The Home Office has failed to address previously identified weaknesses in the system to take proceeds of crime off criminals, leaving just 10% of confiscation orders collectable, it said.
Among the recommendations are that the Home Office explain “"why so much of the accumulated debt is unlikely to be collected, highlight what is collected against recent confiscation orders, and set out how it is tackling uncollected debt to show that crime does not pay.”
It is also calling on the government department to set out clearly "how the objectives for confiscation orders should be prioritised and what constitutes success,” by the end of September this year.
The government has failed to address previous concerns over the confiscation orders “in spectacular fashion,” claimed Meg Hillier MP, chair of the PAC.
The “meagre returns” from the use of the orders “do nothing to alleviate public concerns about crime, nor to encourage the perception that justice is being done,” she said.
Home Office permanent secretary Mark Sedwill, who was grilled during evidence sessions before the PAC earlier this year, is under mounting pressure to produce results when it comes to confiscation orders.
A previous PAC report, in 2014, found that the government was collecting the grand total of 26 pence in every £100 of criminal proceeds generated in that year, and made a series of recommendations. However, a report by the National Audit Office earlier this year echoed the concerns and stated that the changes needed had yet to happen.

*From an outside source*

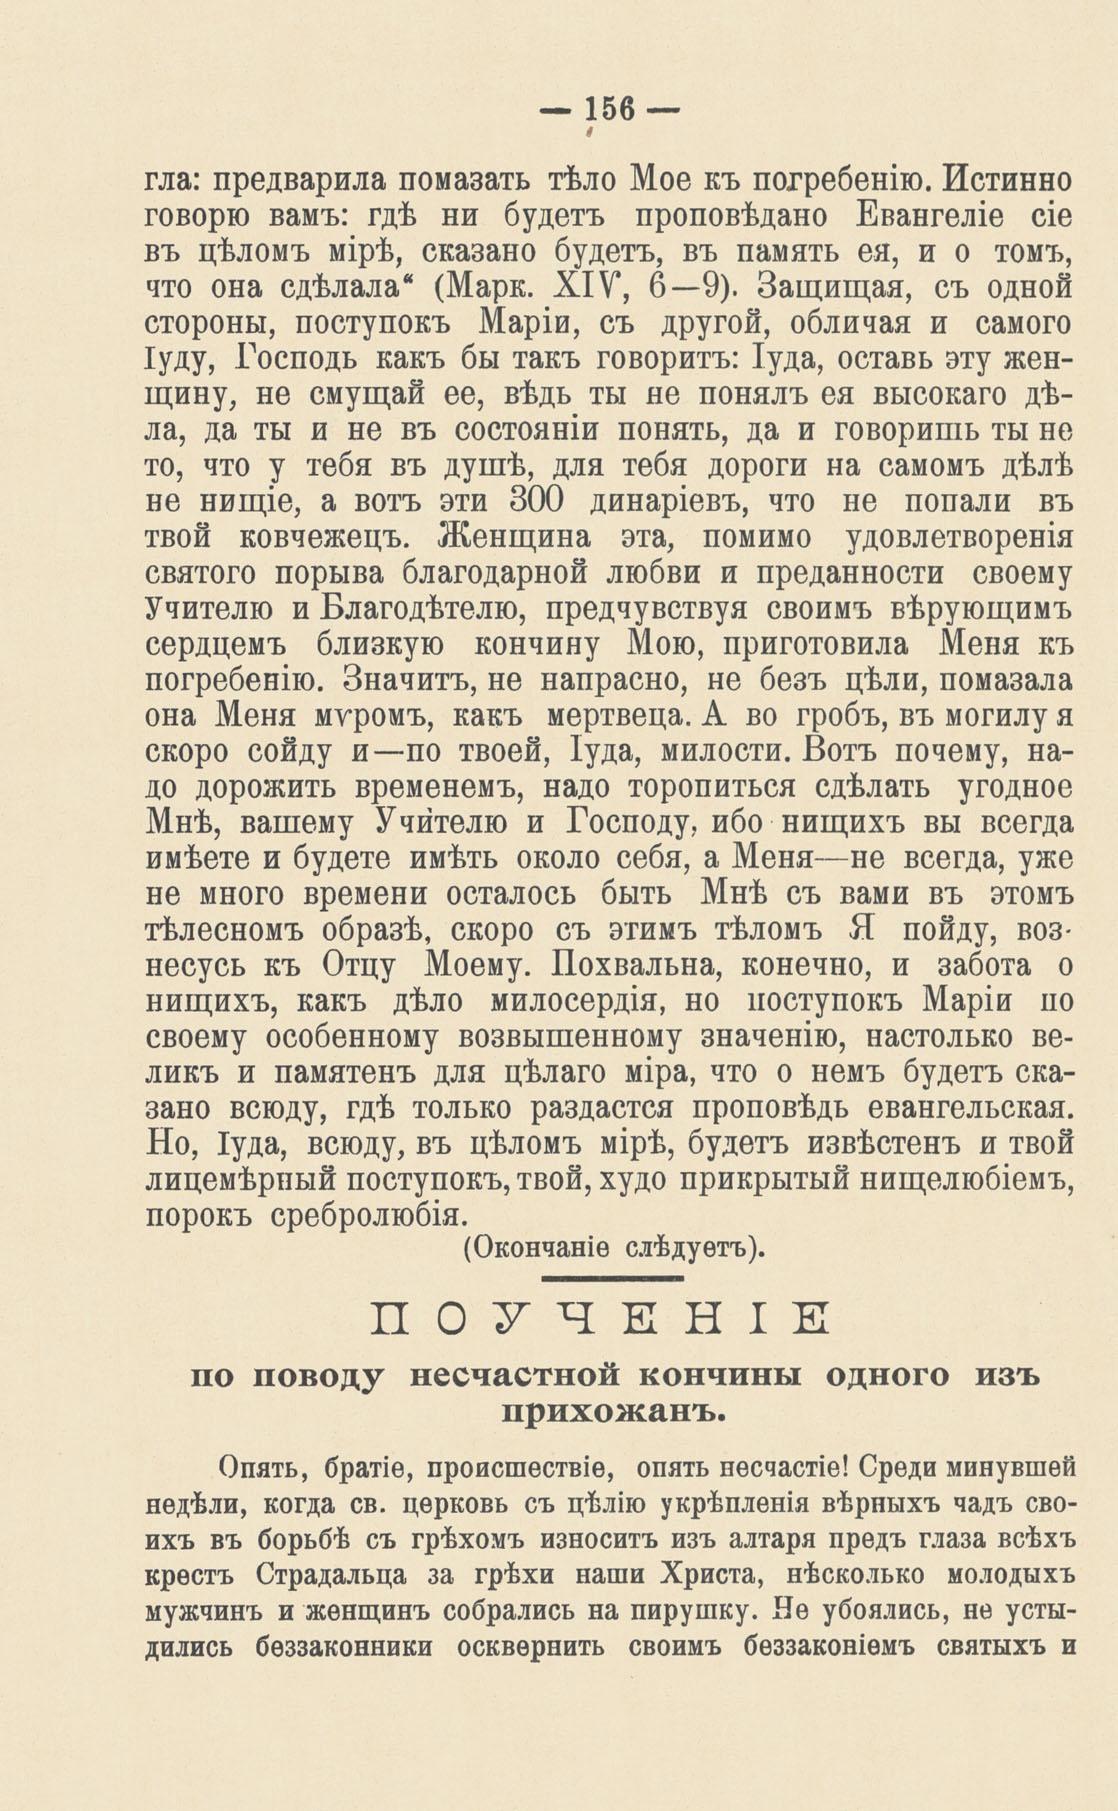 епархиальные ведомости_номер 1мо от вященника тихомирова_659 398

In a statement to CSW, a Home Office spokesperson said: “The UK Government seized over £1.2 billion pounds from criminals between April 2010 and March 2016, and hundreds of millions more has been frozen and put beyond the reach of these offenders.”
There have been “significant reforms” such as creating new “asset confiscation enforcement teams” and introducing longer prison sentences for those who don't repay their orders.
“We will consider the recommendations made by the Public Accounts Committee and report back in due course,” the spokesperson added.